Джон подхватил его в руки, обнимая, поднялся.
— Раздевайся и в кровать, — сказал, выпустив и наконец стягивая с себя шинель и свитер.
Дайан выбрался из одежды быстро, но всё равно Джон подгонял его в нетерпении, доталкивая всем телом до кровати, а потом опрокидывая вниз лицом.

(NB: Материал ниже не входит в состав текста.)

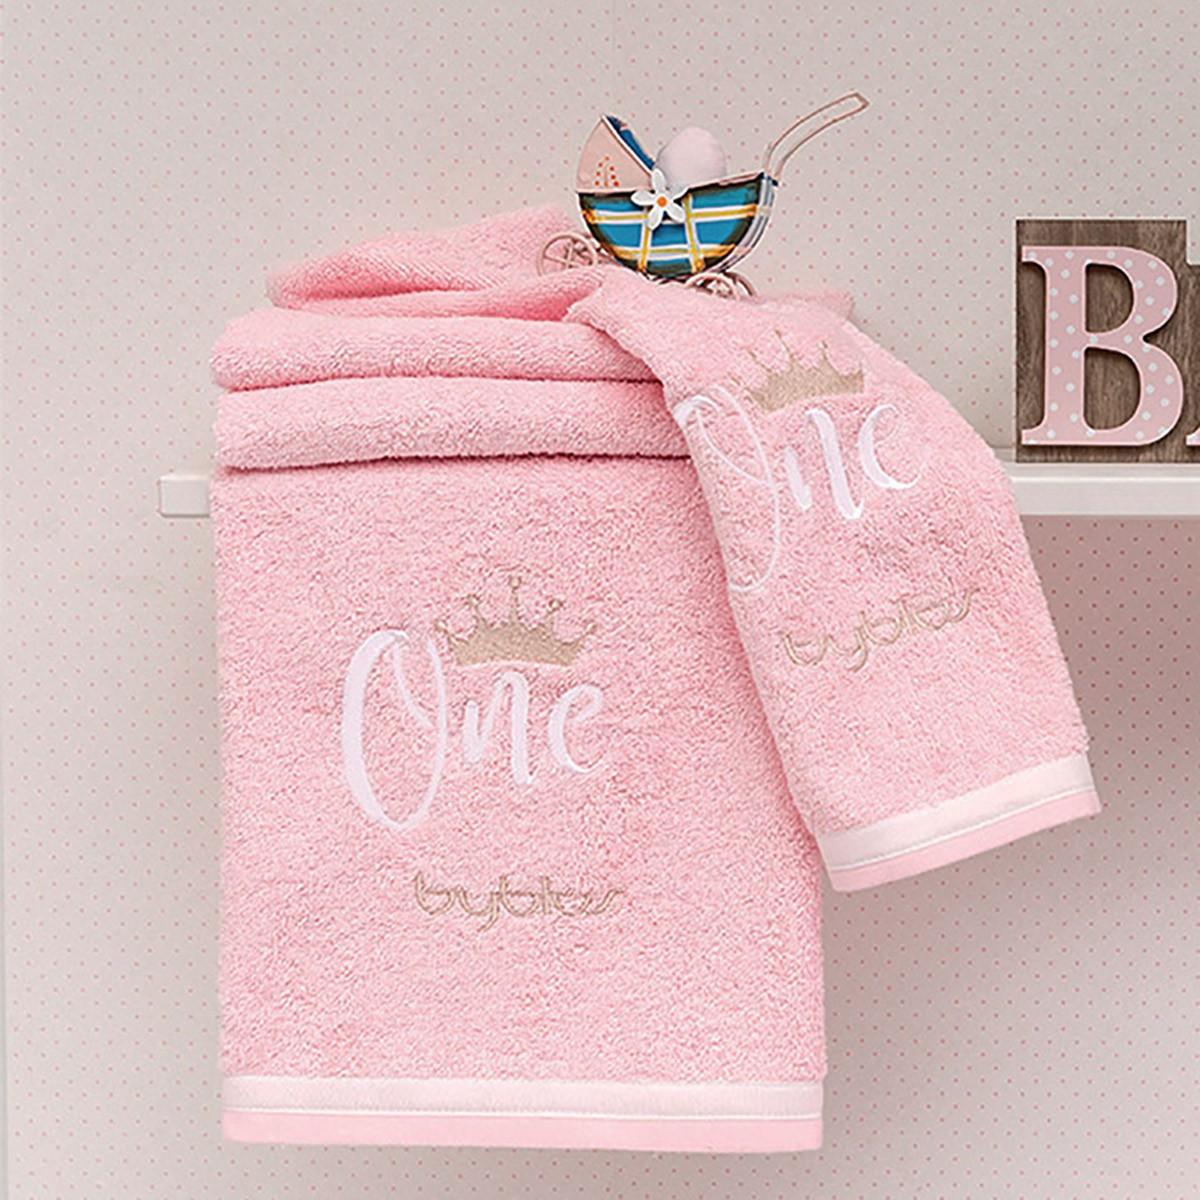 Βρεφικές Πετσέτες (Σετ 2τμχ) Byblos Des 86 One Pink 84082

Пока Джон доставал из ящика лубрикант, Брук попытался разобраться, от чего его больше накрывает: от выпитой водки или от крови Сойера. Но не смог, потому что Джон вернулся, вздёрнул его под бёдра, ставя на колени. Дайан вздрогнул, когда прохладные и скользкие пальцы прошлись у него между ягодиц и протолкнули дальше горсть лубриканта. Следом ещё. А когда, не останавливаясь, медленно и глубоко Джон натянул его на свой член, Дайан застонал долго и сладко, вытягиваясь руками по кровати над головой, прогибаясь больше и подставляясь.
Джон оперся обеими ладонями в лопатки Дайана, прижимая к кровати. От этого Дайан чувствовал его член в себе так глубоко, что волны жадной похоти мешали дышать. Твёрдый, медленный и мощный тот двигался внутри, погружая почти во тьму и снова выдёргивая к светящейся поверхности частичного осознания. Как только Дайан стал подходяще широк и податлив, Джон выпустил его из правой руки, вынул член и тут же заскользнул четырьмя развёрнутыми пальцами в его зад, провернул, согнул, быстро растёр изнутри по предстательной железе.
Тело Дайана, ошалевшее от кайфа, повелось под рукой, которой Джон крепко прижимал того к кровати.
Джон видел, как пальцами завернулся в сатиновое покрывало Дайан. Как задрожал и попытался вытянуться в ногах. Но Сойер не дал ему этого сделать. Он вынул ладонь и снова заскользнул членом, словно поддевая Дайана снизу и вверх, оставляя в прежней позиции. Стал двигаться быстрее, но по-прежнему бережно.
Дайан, прижимаясь ртом к сатину, выматерился сочным беспомощным и вздрагивающим «бля-я-адь!», которое тут же утонуло в нетерпеливых всхлипах.
Пару минут спустя бережной работы членом Джон повторил с рукою.
А Дайан снова кончил от той.
Сойер вернулся с новой порцией лубриканта, теперь уже откровенно несдержанный и на грани истощённого терпения. Он жёстко забился в Дайана, замер, накрывая его телом и прижимая всем весом к кровати.
Дайан снова дошёл до эрекции и после движения Сойера гладко шоркнулся членом о покрывало.
Тёмный полушёпот Джона коснулся уха сквозь волосы:
— Нравится?
Ответил не сразу, потому что голос не слушался. Но он справился, хотя зубы стучали, выдавая посторгазменный раздрай.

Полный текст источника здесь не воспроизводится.